8:12 So then, brothers and sisters, we are debtors, not to the flesh, to live according to the flesh—13 for if you live according to the flesh, you will die; but if by the Spirit you put to death the deeds of the body, you will live. 14 For all who are led by the Spirit of God are children of God. 15 For you did not receive a spirit of slavery to fall back into fear, but you have received a spirit of adoption. When we cry, “Abba! Father!” 16 it is that very Spirit bearing witness with our spirit that we are children of God, 17 and if children, then heirs, heirs of God and joint heirs with Christ—if, in fact, we suffer with him so that we may also be glorified with him. 18 I consider that the sufferings of this present time are not worth comparing with the glory about to be revealed to us. 19 For the creation waits with eager longing for the revealing of the children of God; 20 for the creation was subjected to futility, not of its own will but by the will of the one who subjected it, in hope 21 that the creation itself will be set free from its bondage to decay and will obtain the freedom of the glory of the children of God. 22 We know that the whole creation has been groaning in labor pains until now; 23 and not only the creation, but we ourselves, who have the first fruits of the Spirit, groan inwardly while we wait for adoption, the redemption of our bodies. 24 For in hope we were saved. Now hope that is seen is not hope. For who hopes for what is seen? 25 But if we hope for what we do not see, we wait for it with patience.

Gospel Reading:  Matthew 13:24-30, 36-43
Jesus follows the more familiar parable of the sower (13:3-9, 18-23) with another sowing parable, usually referred to as the parable of the weeds among the wheat (which s unique to Matthew’s Gospel). There was, apparently, in Matthew’s community, the very human inclination to judge between the good and the evil and to take action to cleanse the group. Here Jesus clearly teaches not to engage in such behavior. Note the farmer outwits the “enemies” who have sown the weeds, by finding a positive use for them.

The Holy Gospel … according to Matthew.            Glory to you, Lord Christ.

13:24 Jesus put before them another parable: “The kingdom of heaven may be compared to someone who sowed good seed in his field; 25 but while everybody was asleep, an enemy came and sowed weeds among the wheat, and then went away. 26 So when the plants came up and bore grain, then the weeds appeared as well. 27 And the slaves of the householder came and said to him, ‘Master, did you not sow good seed in your field?

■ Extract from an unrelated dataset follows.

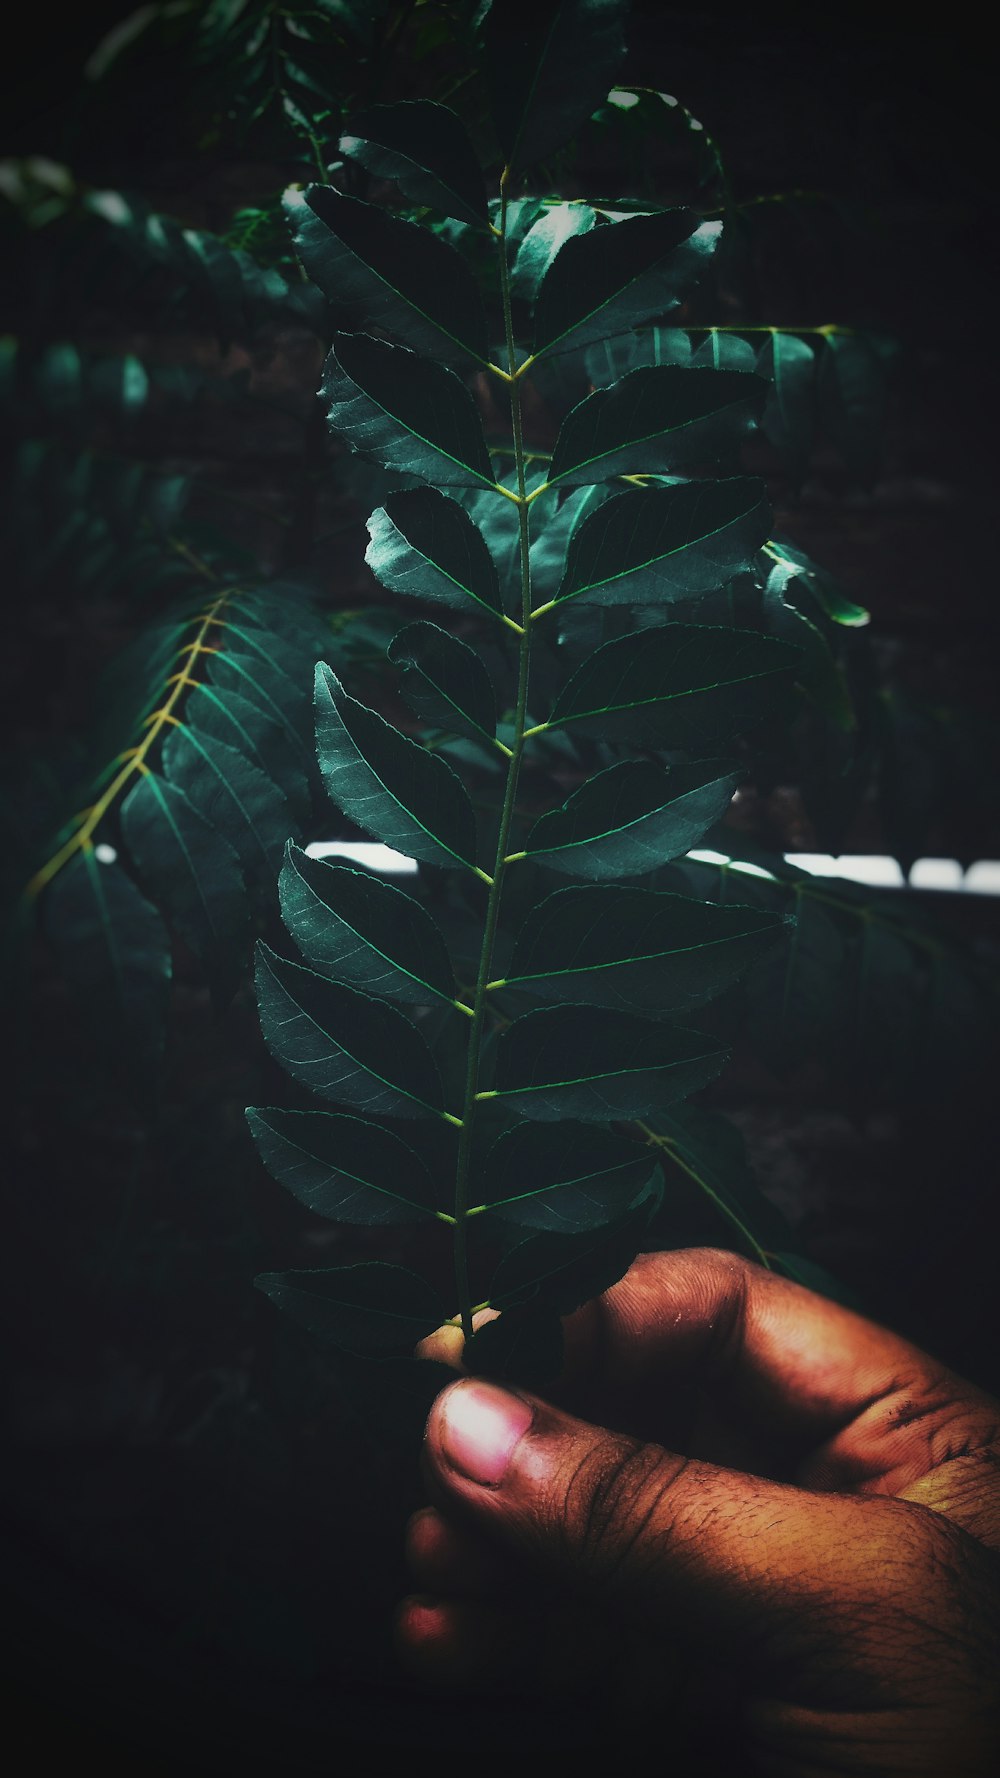 person holding green leaves during daytime

Where, then, did these weeds come from?’ 28 He answered, ‘An enemy has done this.’ The slaves said to him, ‘Then do you want us to go and gather them?’ 29 But he replied, ‘No; for in gathering the weeds you would uproot the wheat along with them. 30 Let both of them grow together until the harvest; and at harvest time I will tell the reapers, Collect the weeds first and bind them in bundles to be burned, but gather the wheat into my barn.’” 36 Then he left the crowds and went into the house. And his disciples approached him, saying, “Explain to us the parable of the weeds of the field.” 37 He answered, “The one who sows the good seed is the Son of Man; 38 the field is the world, and the good seed are the children of the kingdom; the weeds are the children of the evil one, 39 and the enemy who sowed them is the devil; the harvest is the end of the age, and the reapers are angels. 40 Just as the weeds are collected and burned up with fire, so will it be at the end of the age. 41 The Son of Man will send his angels, and they will collect out of his kingdom all causes of sin and all evildoers, 42 and they will throw them into the furnace of fire, where there will be weeping and gnashing of teeth. 43 Then the righteous will shine like the sun in the kingdom of their Father. Let anyone with ears listen!

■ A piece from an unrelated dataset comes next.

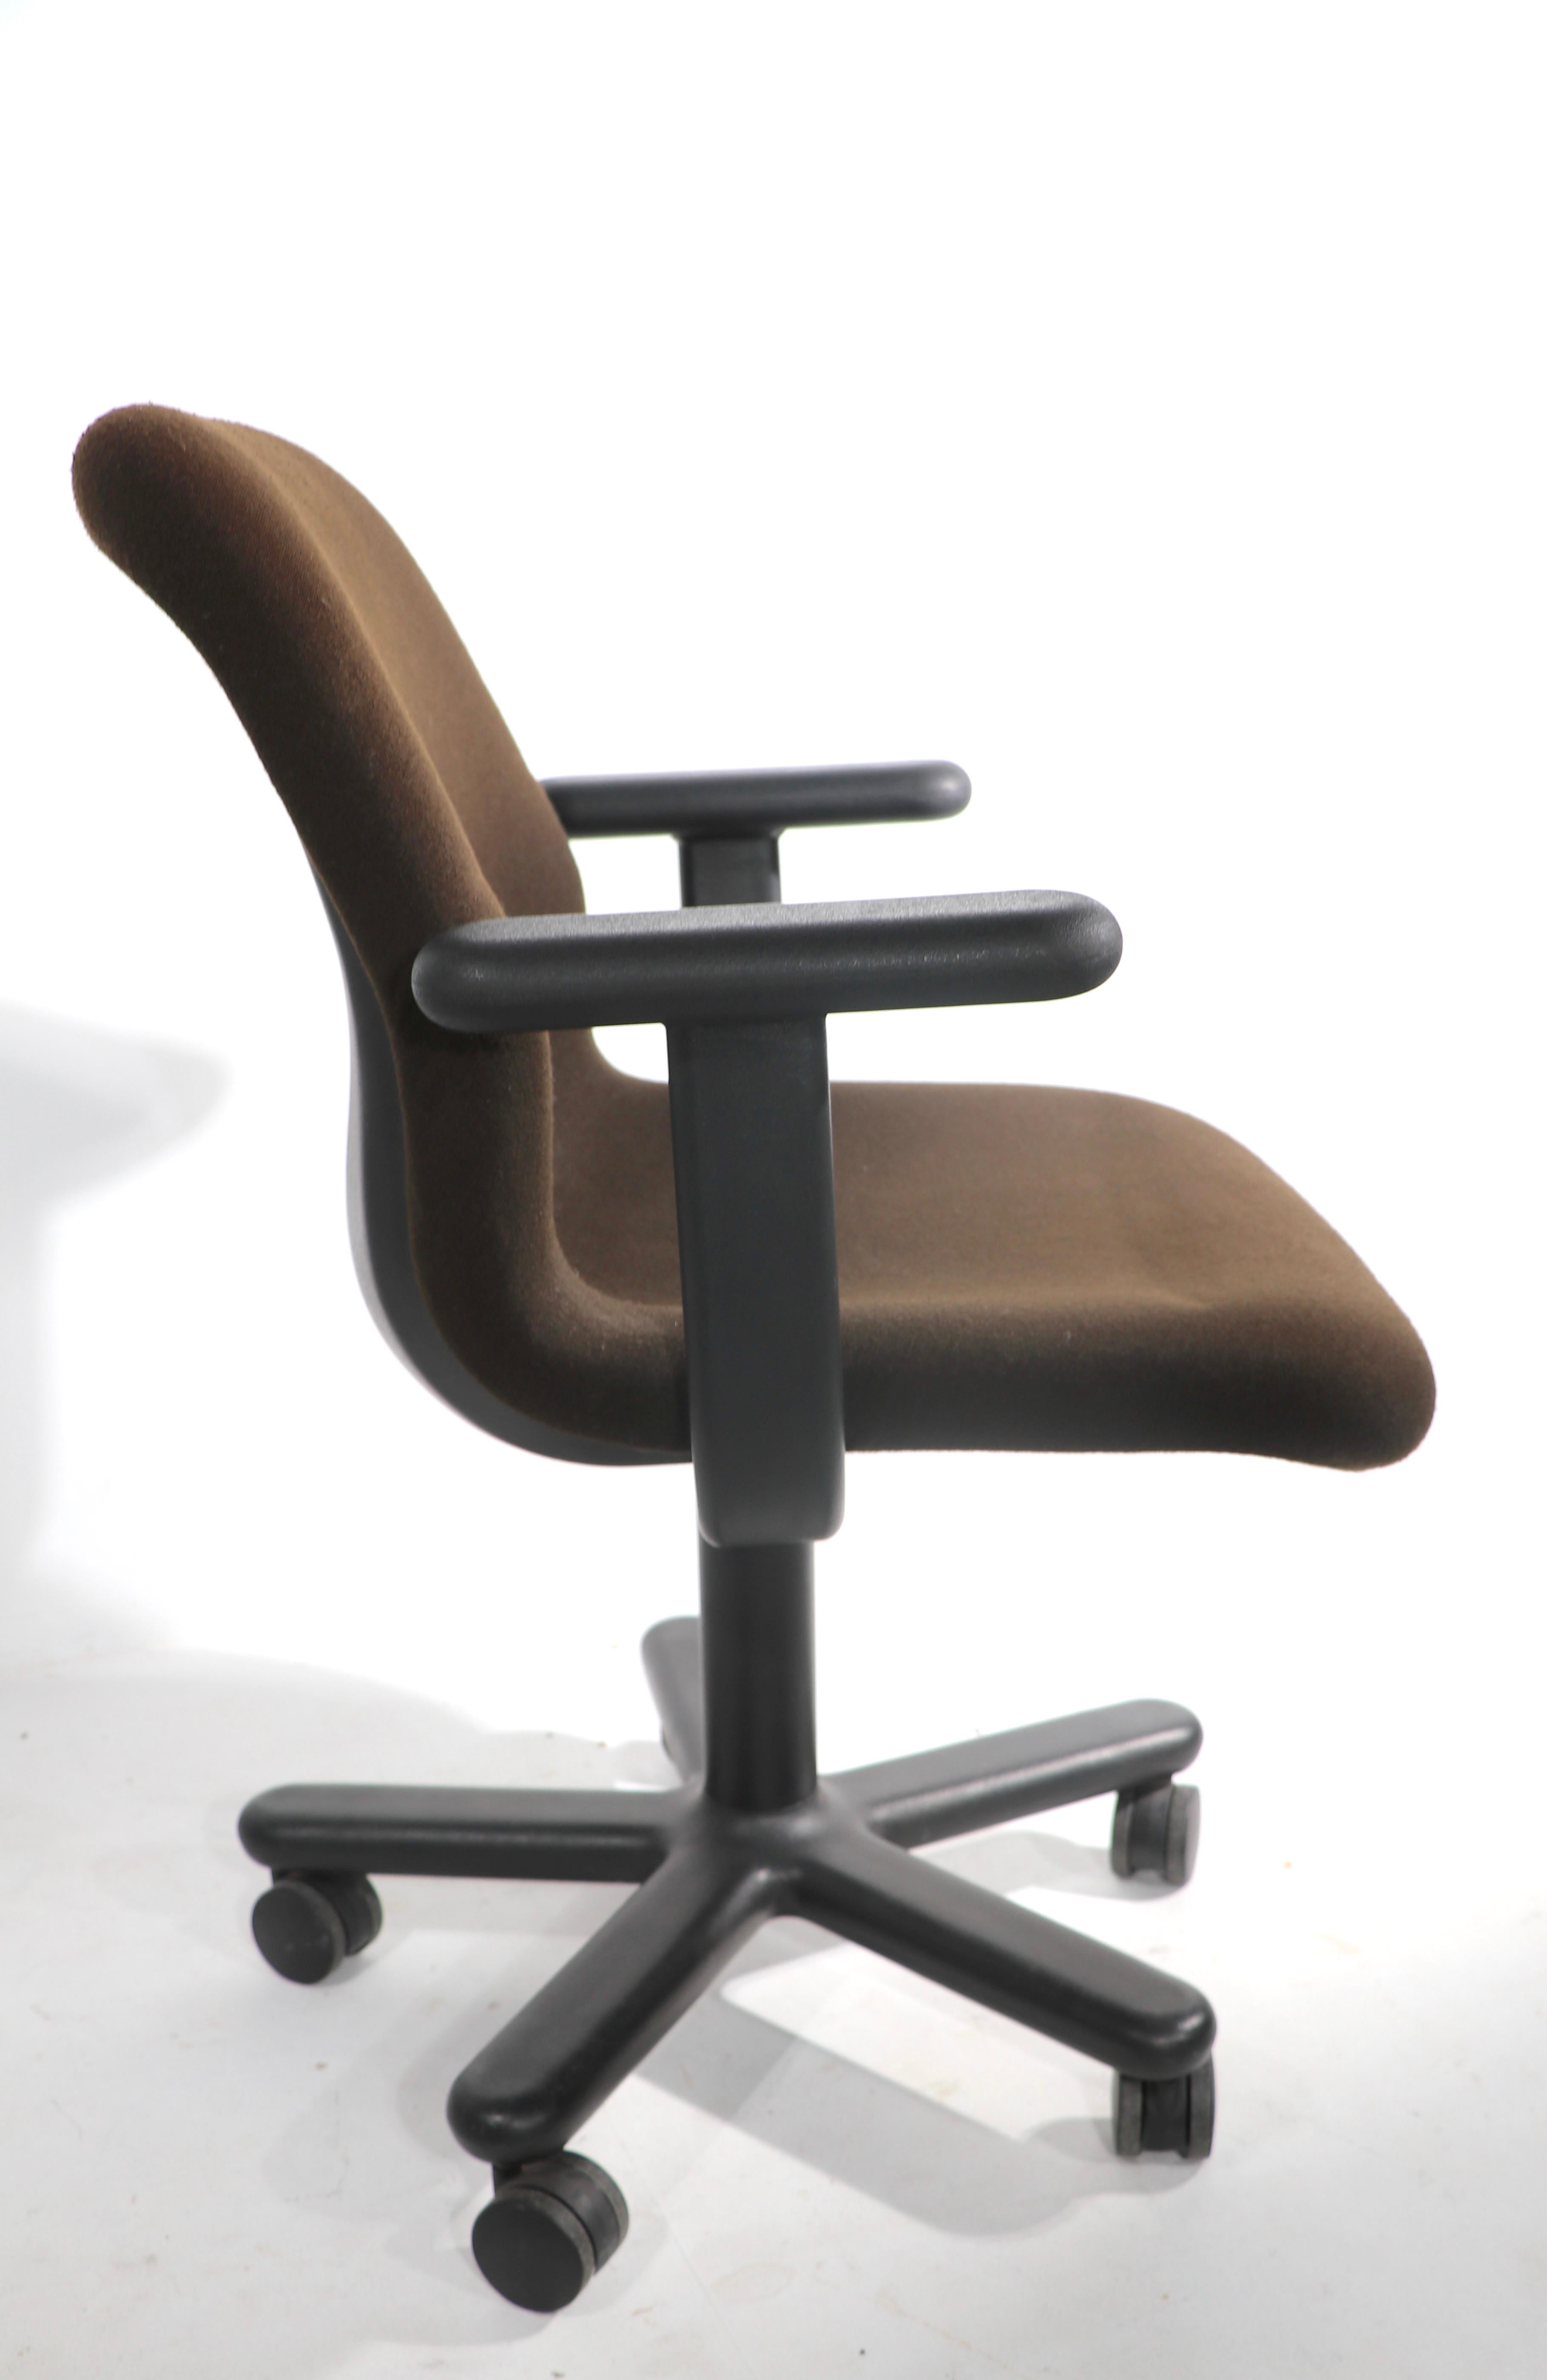 American Post Modern Knoll Swivel Desk, Office, Chairs 11 Available For Sale

The Scripture quotations (except for the psalm) are from the New Revised Standard Version Bible, copyright © 1989 by the Division of Christian Education of the National Council of Churches of Christ in the U.S.A., and are used by permission.  All rights reserved.  The Psalm translations are from The Book of Common Prayer.  The translation of the Canticle is copyright © 2007, Church Publishing, Inc. Commentaries are copyright © 2017 Epiphany ESources, 67 E. Main St., Hornell, NY 14843. All rights reserved. Permission is given to copy for congregational use with this attribution.

Monday, July 10, 2017

Proper 10A: 6th Sunday after Pentecost, 2017

The Sower (Van Gogh, 1888)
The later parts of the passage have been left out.